■ Action item ■
The copy should begin at the line containing "SOLOMEYA Гель-лак для" and end with the last line below, every line exact and no picture included.

── Data section

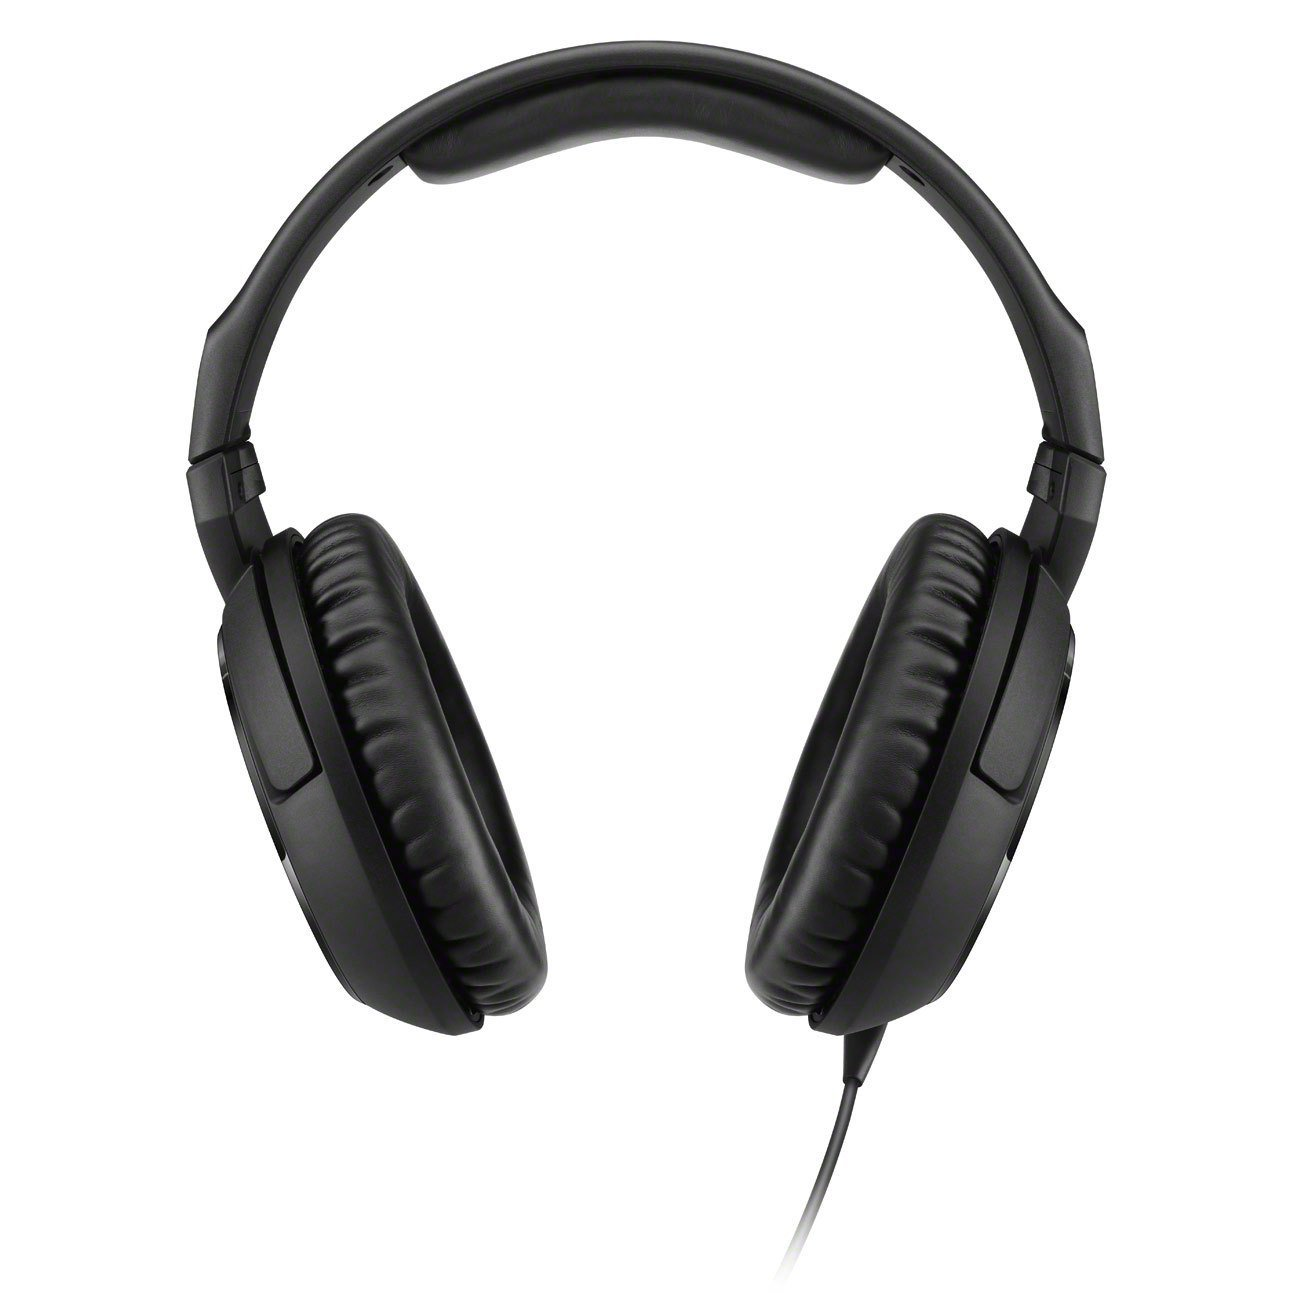 Studio Headphones, Closed, Over-ear
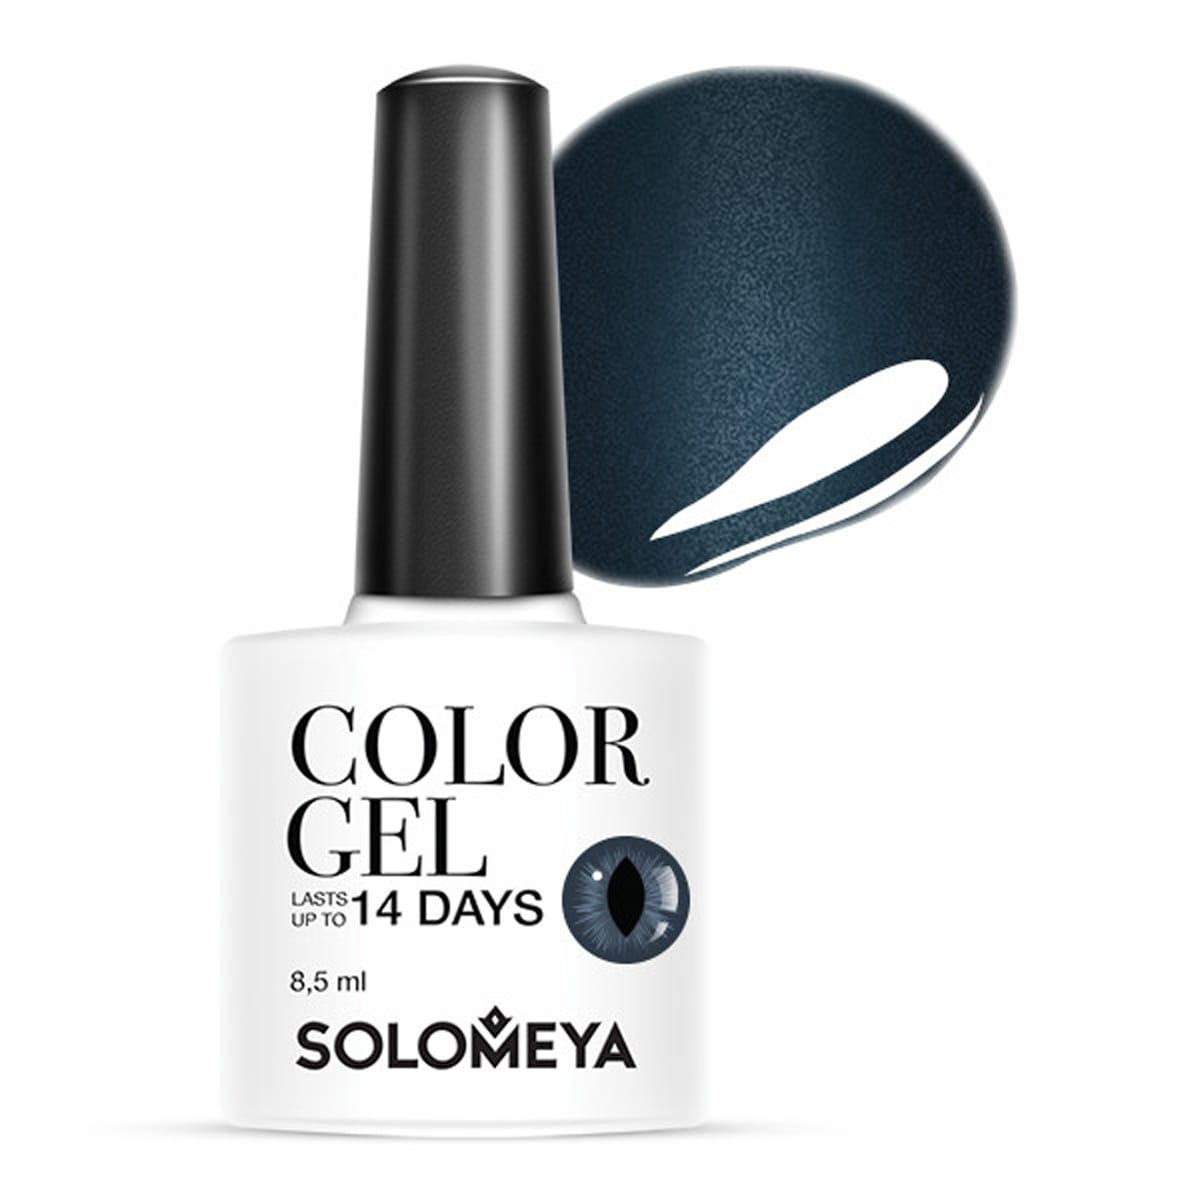 SOLOMEYA Гель-лак для ногтей SCE027 Кошачий глаз, сумеречный синий / Cat Eye Gel Dusky Blue 8,5 мл цена
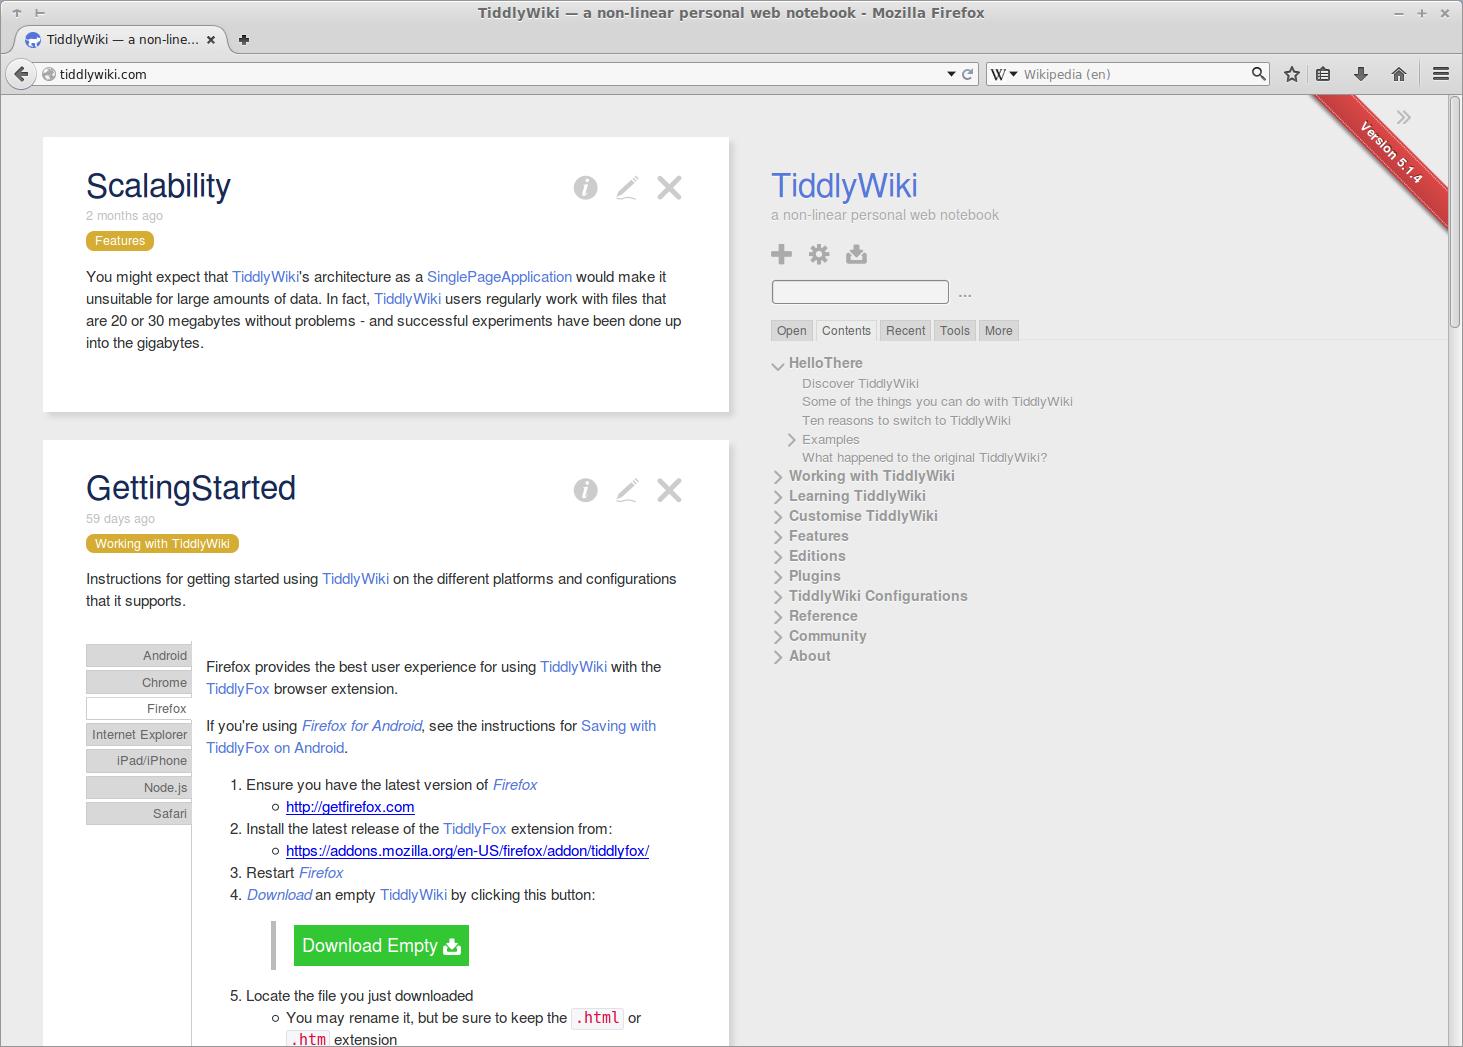 File:TiddlyWiki 5 1 4 screenshot png - Wikimedia Commons

────

■ Solution below ■
 SOLOMEYA Гель-лак для ногтей SCE027 Кошачий глаз, сумеречный синий / Cat Eye Gel Dusky Blue 8,5 мл цена
 File:TiddlyWiki 5 1 4 screenshot png - Wikimedia Commons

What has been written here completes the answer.